WHAT THE TASK ASKS>
The task calls for each record to be given again unchanged, minus any pictures.
.....
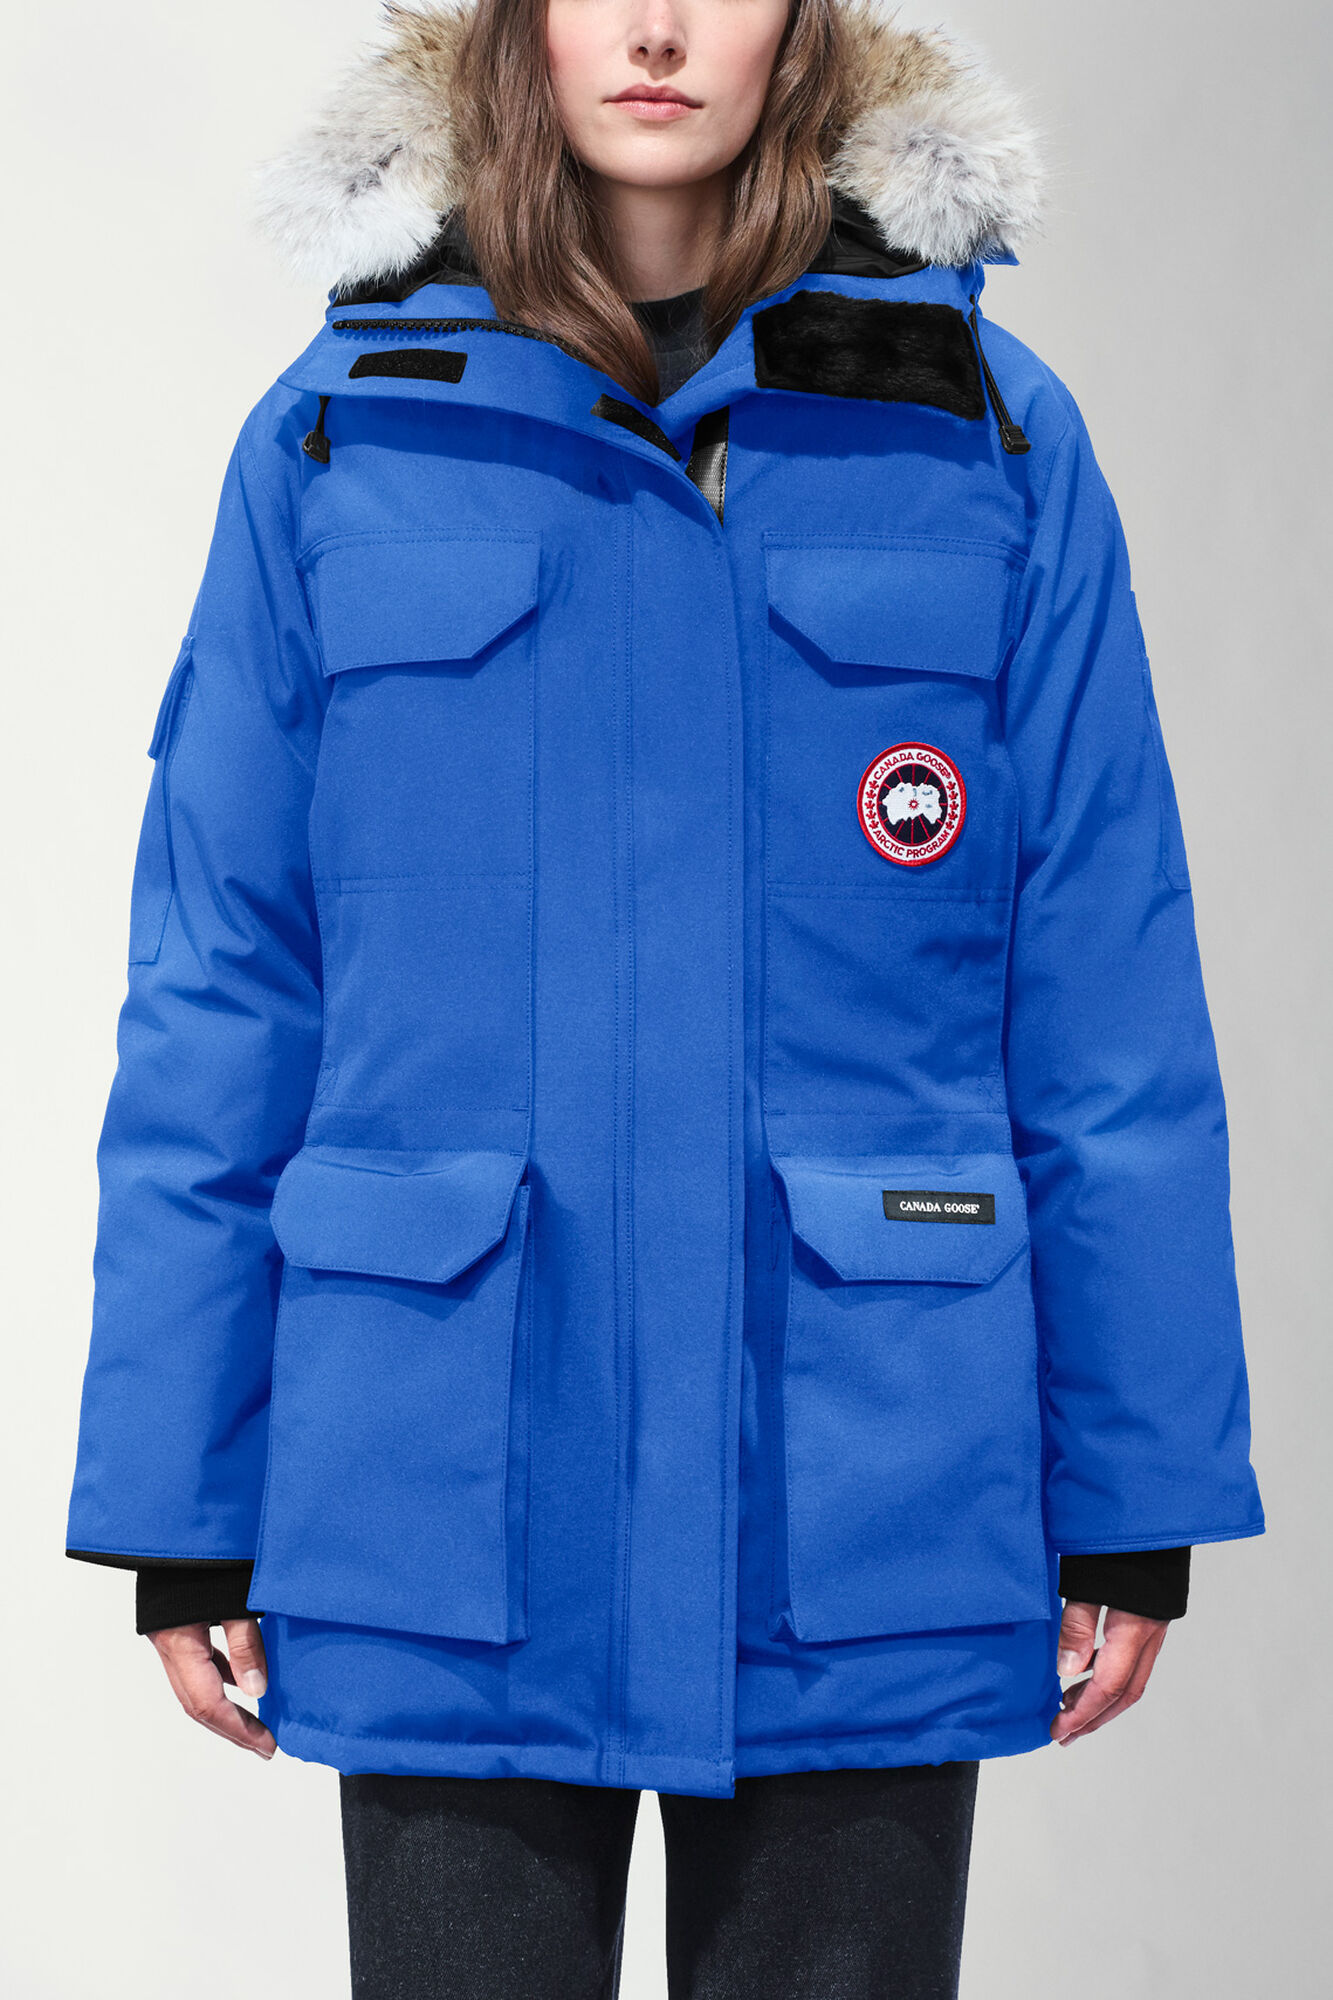 Women's Polar Bears International PBI Expedition Parka | Canada Goose®
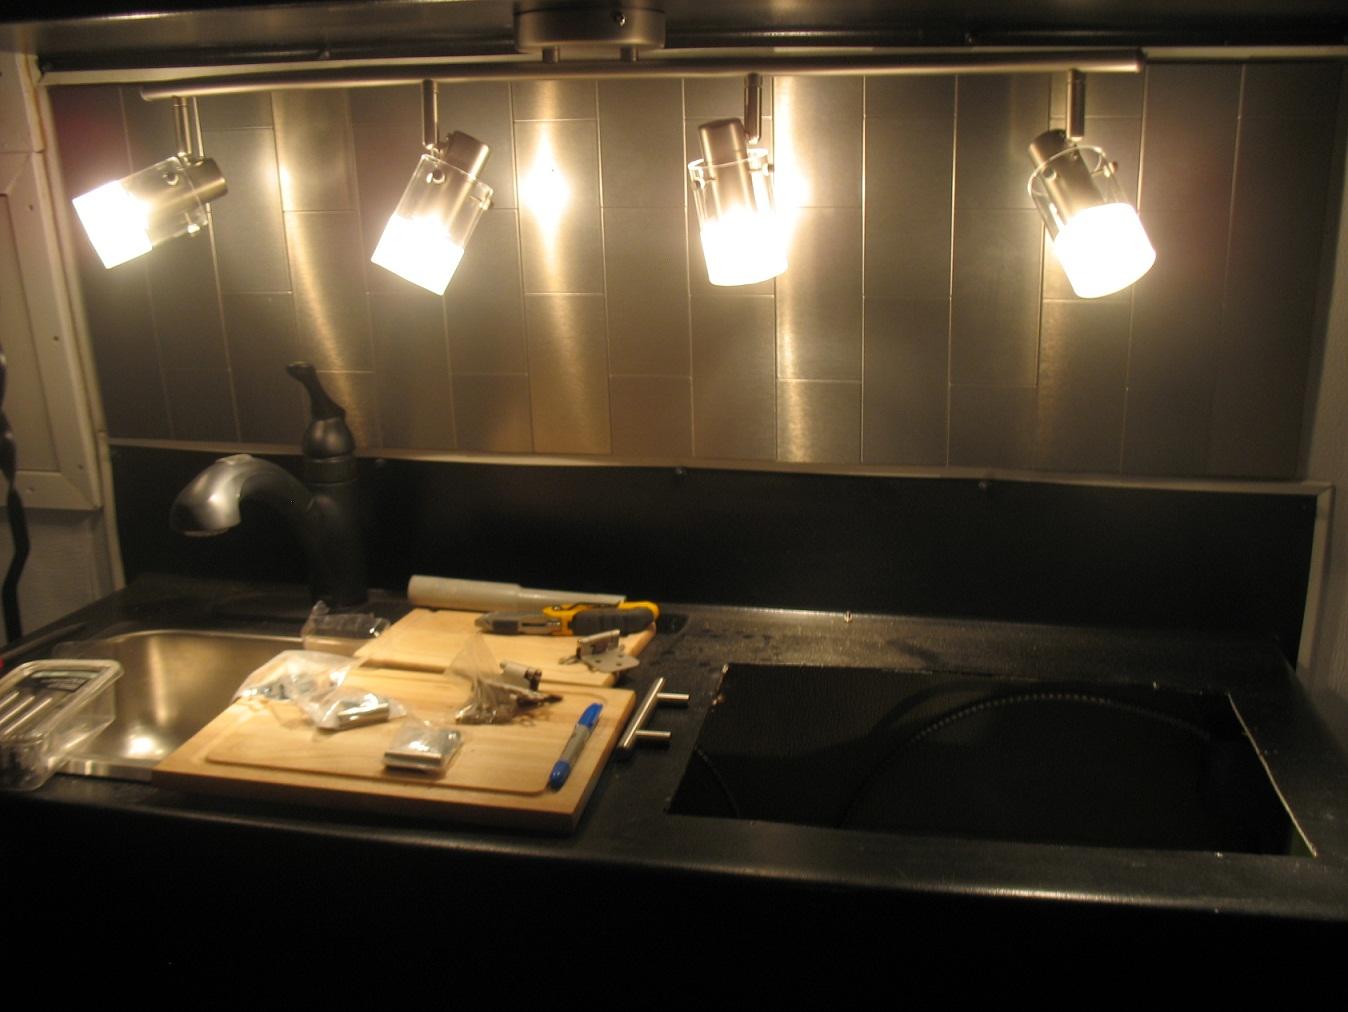 new kitchen backsplash cabinets fiberglass rv
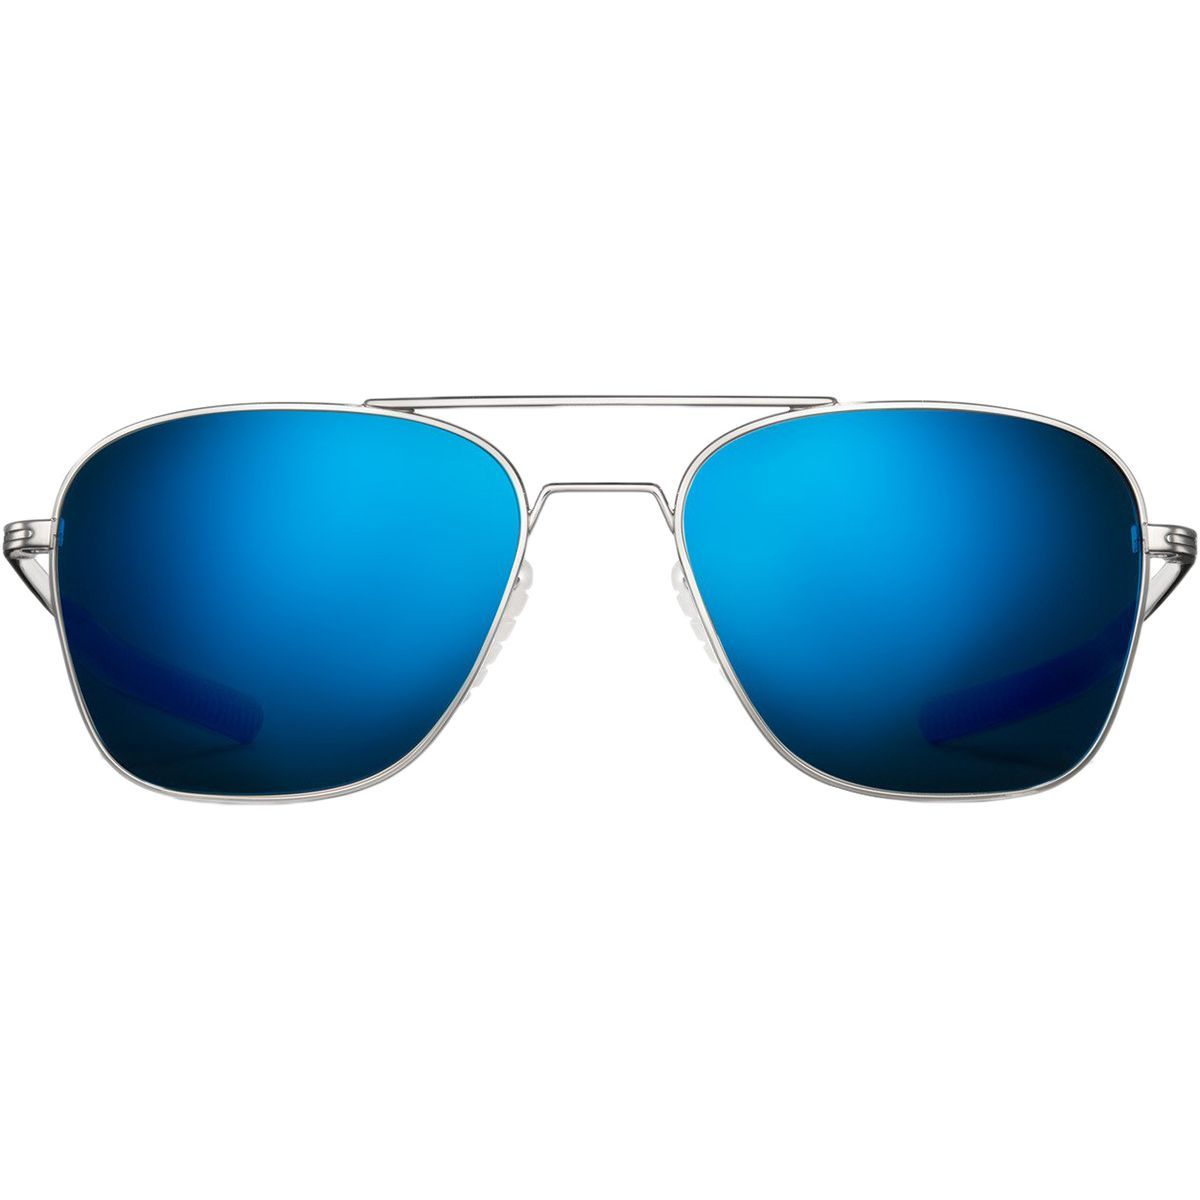 Roka Falcon Titanium Sunglasses - Women's
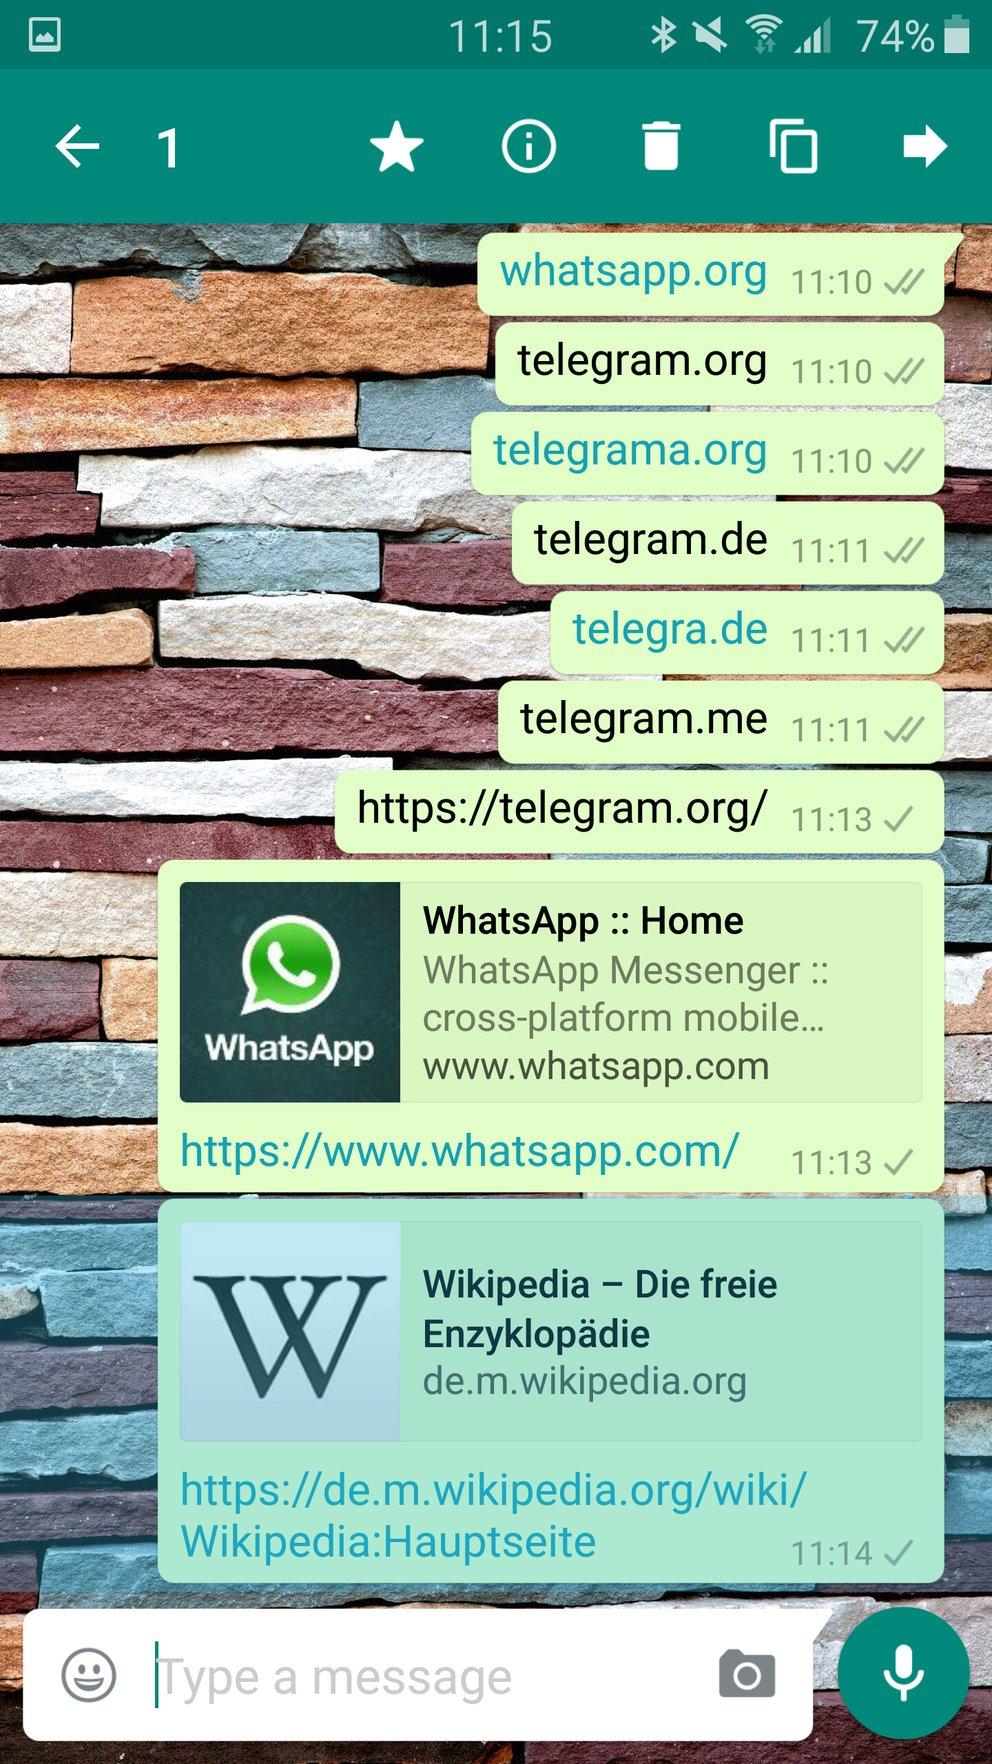 whatsapp-telegram-zensur-screenshot-3
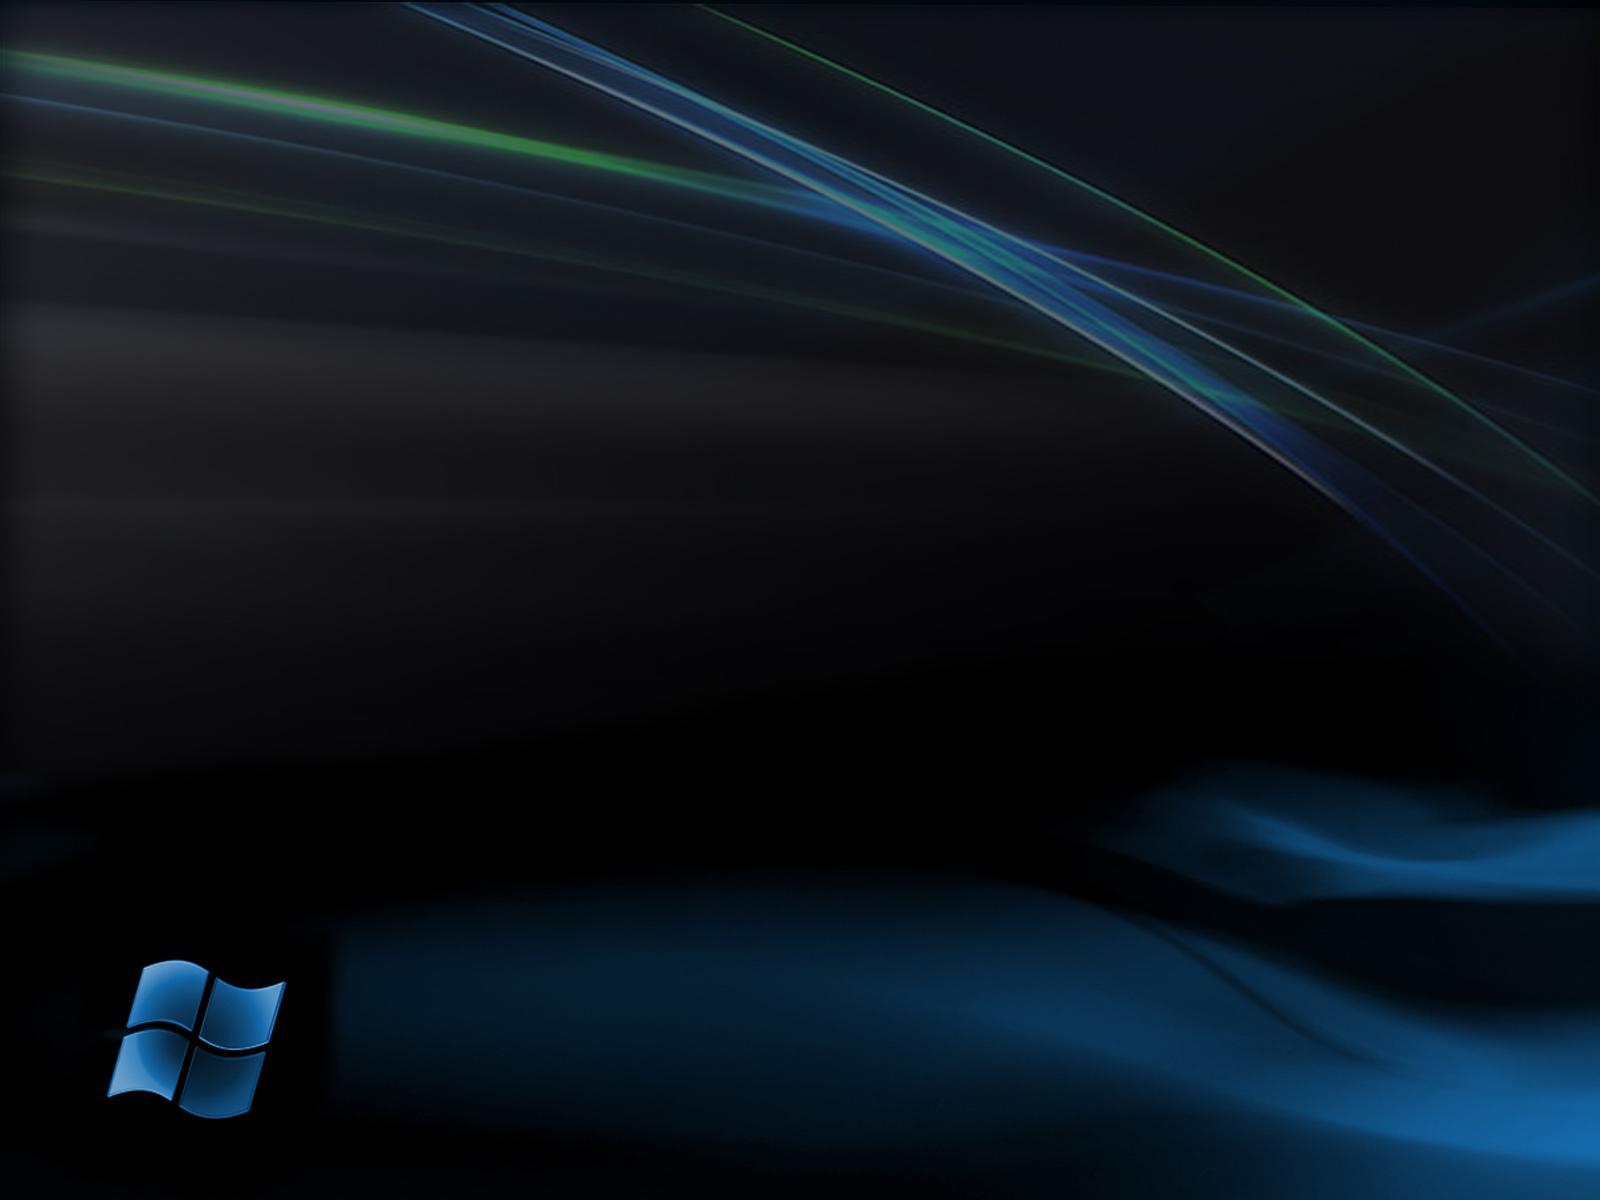 http://4.bp.blogspot.com/-WDhSxQz3CzQ/T8ew001AoAI/AAAAAAAAAIs/NNG9juAdfxU/s1600/windows-7-wallpaper-16.jpg
.....
ANSWER BELOW>
 Women's Polar Bears International PBI Expedition Parka | Canada Goose®
 new kitchen backsplash cabinets fiberglass rv
 Roka Falcon Titanium Sunglasses - Women's
 whatsapp-telegram-zensur-screenshot-3
 http://4.bp.blogspot.com/-WDhSxQz3CzQ/T8ew001AoAI/AAAAAAAAAIs/NNG9juAdfxU/s1600/windows-7-wallpaper-16.jpg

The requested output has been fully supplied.